As of 2026-04-08, the current active and just-opened lanes already cover:

  • framework trace surfaces
  • eval-report surfaces
  • runtime-accounting surfaces
  • adjacent output/history surfaces
  • commerce / verification-first protocol surfaces

That changes what “best next lane” means.

The next lane should now:

  • stay GitHub-native
  • open a different seam from the work already live
  • still have strong momentum and a real maintainer channel
  • be current enough to reflect where the ecosystem is actually heading

Langfuse is the strongest fit for that next move because:

  • its evaluation stack is now clearly first-class, not a side feature
  • its docs and SDK references already expose experiments, datasets, and custom scores as explicit product surfaces
  • its Discussions categories include a natural answerable Support lane
  • it is strategically important without forcing us straight into a browser, payment, or telemetry-heavy surface

Why this is not Mastra first:

  • Mastra remains a good candidate
  • but the repo has no Discussions
  • and its issue channel is more bug and triage heavy right now

Why this is not x402 first:

  • x402 remains technically interesting
  • but the repo currently has no Issues and no Discussions
  • and the public channel shape is too weak for the small sample-backed question style that is working best for us

Why this is not OpenLIT first:

  • OpenLIT remains a valid OTel-native special case
  • but it is smaller, and the lane would be much more observability-colored than the current Langfuse opportunity

3. Hard positioning rule

This lane must not overclaim what the sample actually observes.

Normative framing:

This sample targets the smallest honest Langfuse experiment-result surface, not a trace export, dashboard export, metrics export, or production observability truth surface.

That means:

  • Langfuse is the upstream platform context, not the truth source
  • experiment results are bounded eval artifacts, not production truth
  • Assay stays an external evidence consumer, not a scorer, dashboard, or trace authority

4. Why not trace-first

Trace-first would be the wrong first wedge here.

Why:

  • Langfuse is publicly and product-wise strongest as an observability platform
  • trace-first would read immediately as platform-on-platform
  • the v4 observations-first direction makes live trace surfaces broader, not smaller
  • Langfuse also supports live evaluators on production traces, which would make it too easy to blur runtime monitoring semantics into Assay evidence truth

The safer first seam is one step away from production observability:

  • dataset-backed
  • experiment-backed
  • offline or reviewable
  • smaller than traces
  • smaller than dashboards
  • smaller than metrics rollups

This is the same best-practice move we used in earlier lanes:

  • choose the smallest documented surface that already exists
  • avoid the broadest operational surface just because it is prominent

5. Why experiment-result-first and not score-only-first

Langfuse also exposes scores as a first-class concept:

  • numeric, boolean, and categorical values
  • custom scores via SDK or API
  • scores attached across broader observability and evaluation workflows

That is real, but score-only is still not the best v1 seam.

Why not score-only first:

  • scores can belong to traces, observations, or experiments
  • score-only export loses the bounded experiment context that makes the seam reviewable
  • score-only makes it easier to slide back into production-evaluation or observability semantics

The cleaner first wedge is:

  • one artifact derived from run_experiment()
  • one bounded ExperimentItemResult-style output
  • one bounded list of Evaluation-style results
  • optional trace_ref only if it is naturally present in the chosen sample shape

That still keeps Langfuse tied to scores and evaluation, but it does so inside the smallest experiment-result frame instead of the broadest scoring frame.

Use one frozen serialized artifact derived from the documented Langfuse experiment result path as the first external-consumer seam.

The intended upstream anchors are:

  • run_experiment()
  • ExperimentResult
  • ExperimentItemResult
  • bounded Evaluation results

The frozen sample shape should stay at the item result level, not the full run export and not a whole trace tree.

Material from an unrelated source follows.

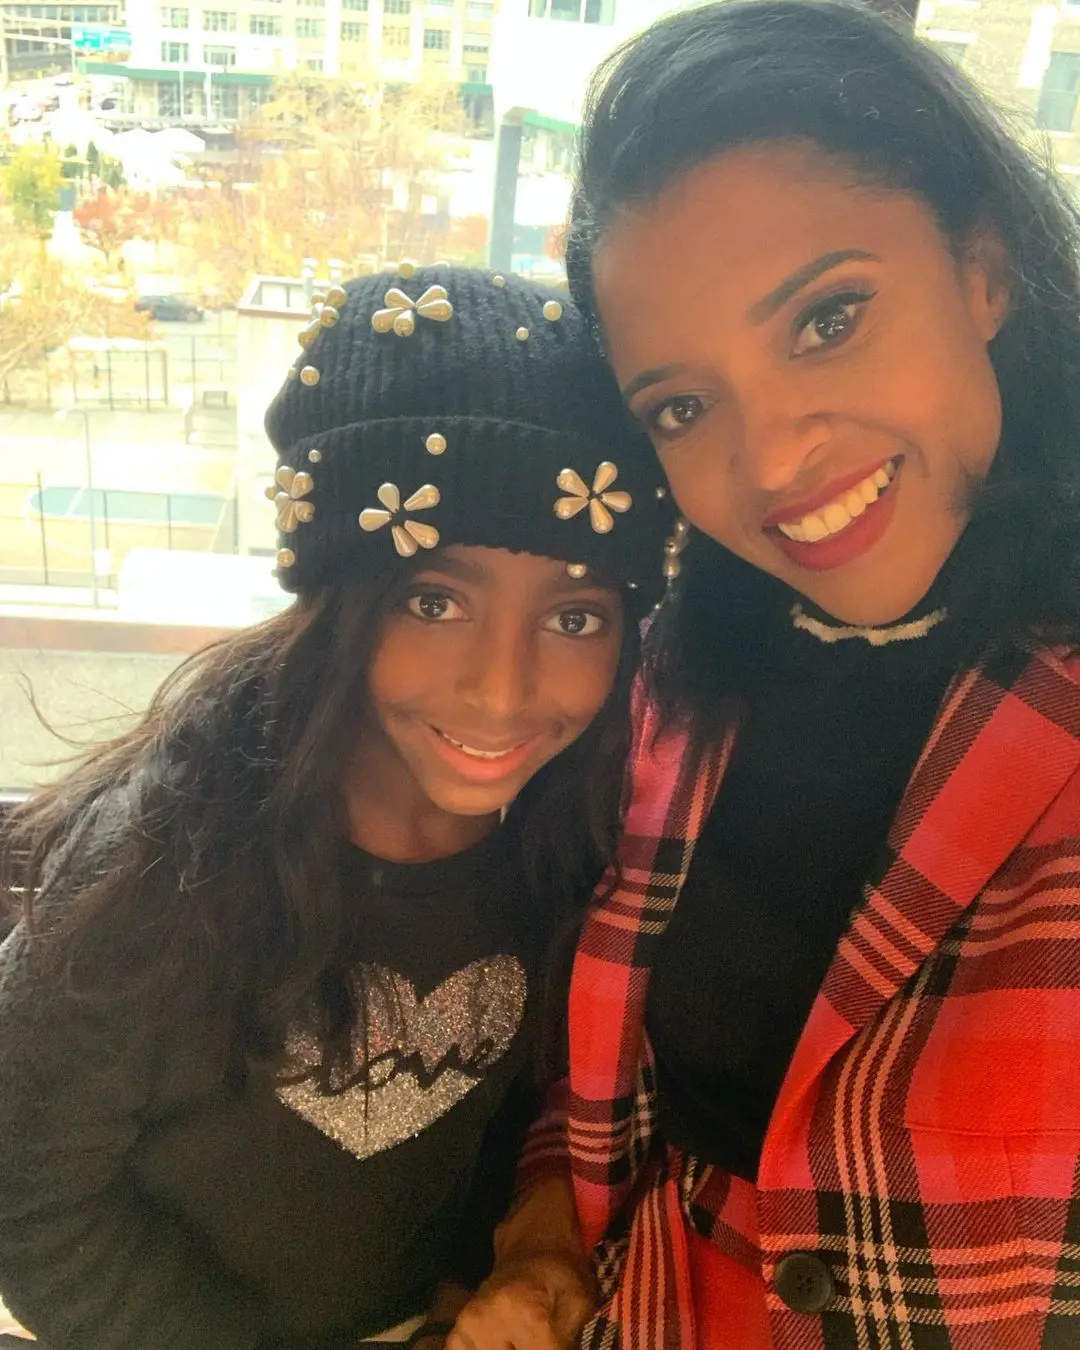 The Broadway actress shared a picture with her daughter spending time together on New York, Manhattan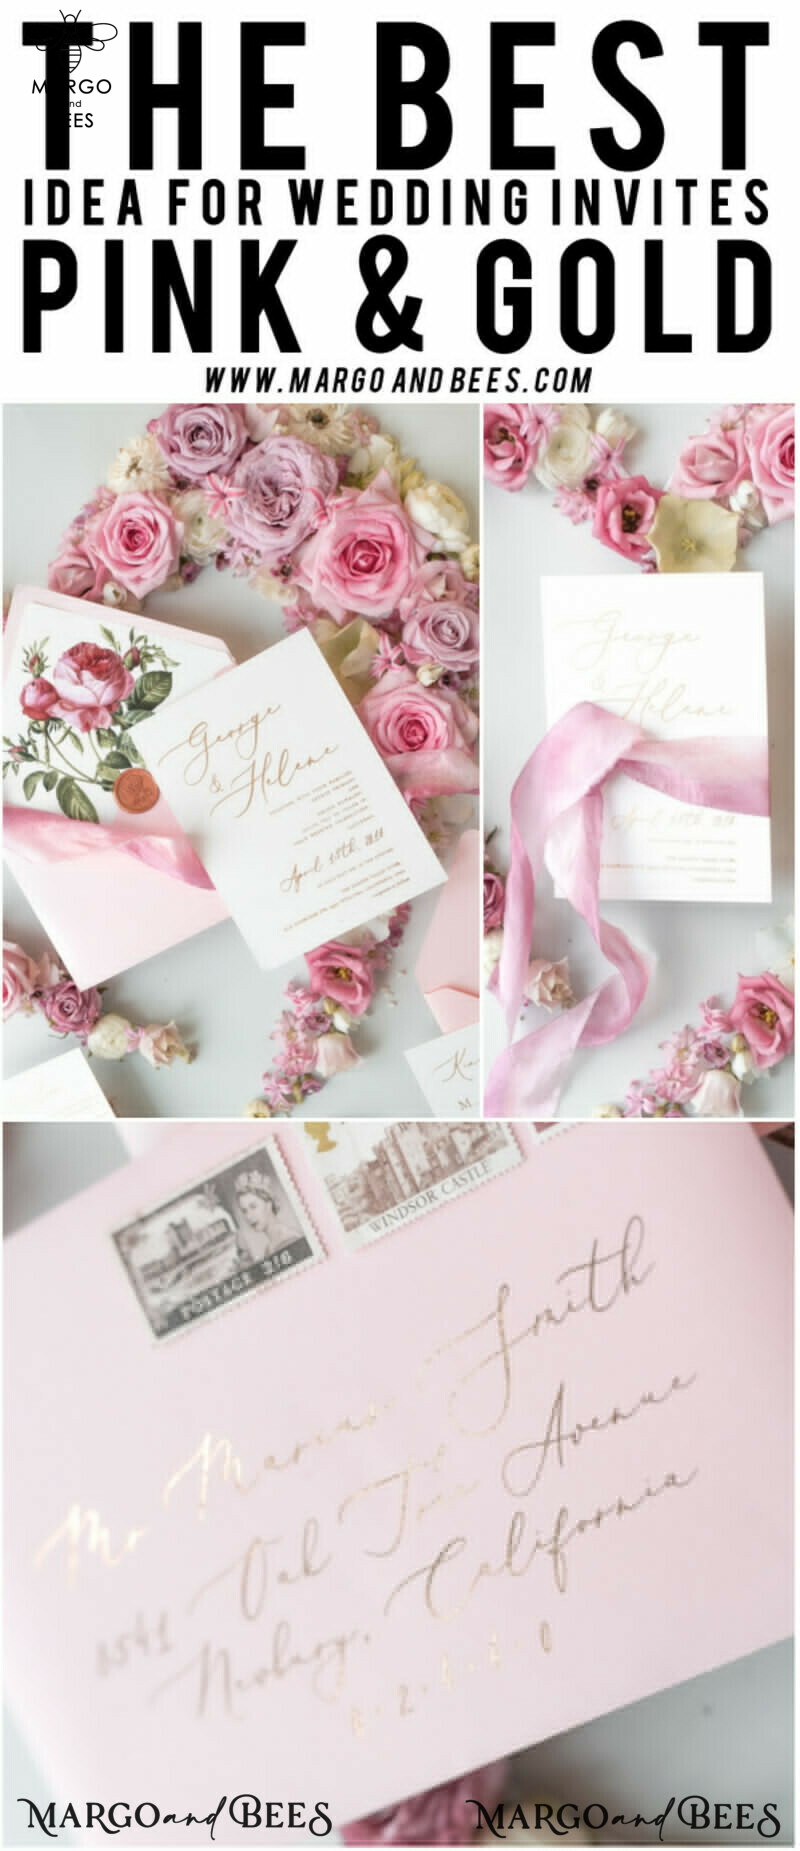 Romantic Blush Pink Wedding Invitations: Vintage Floral Wedding Invitation Suite with Elegant Wedding Cards and Hand Dyed Bow - Glamour Peony Wedding Stationery-44

The first artifact should therefore center on:

  • one experiment name
  • one dataset identity and one bounded dataset version reference
  • one item reference
  • one short output representation
  • one bounded list of evaluations
  • no aggregate layer unless it is naturally present and still small
  • optional opaque run or trace references only if needed

Important framing rule:

The sample uses a frozen serialized artifact derived from the documented Langfuse experiment-result surface, not a claim that Langfuse already guarantees one fixed wire-export contract for external evidence consumers.

7. v1 artifact contract

7.1 Required fields

The first sample should require:

  • schema
  • platform
  • surface
  • experiment_name
  • dataset_name
  • dataset_version_ref
  • item_ref
  • timestamp
  • output_ref
  • evaluations

These required fields belong to the frozen sample artifact shape.

They must be described as:

  • sample-level reductions derived from documented Langfuse experiment results
  • not an upstream guarantee that Langfuse already ships one canonical serialized export object with these exact field names

dataset_version_ref remains required in this v1 plan because it keeps the artifact reviewable in dataset/experiment context, but that is still a frozen sample-shape choice, not a claim that every smallest honest Langfuse export must carry that exact field in that exact form.

7.2 Optional fields

The first sample may include:

  • run_ref
  • trace_ref
  • experiment_description_ref
  • metadata_ref
  • aggregate_scores

7.3 Important field boundaries

dataset_version_ref

This field is required because dataset versioning is part of the documented Langfuse experiments story.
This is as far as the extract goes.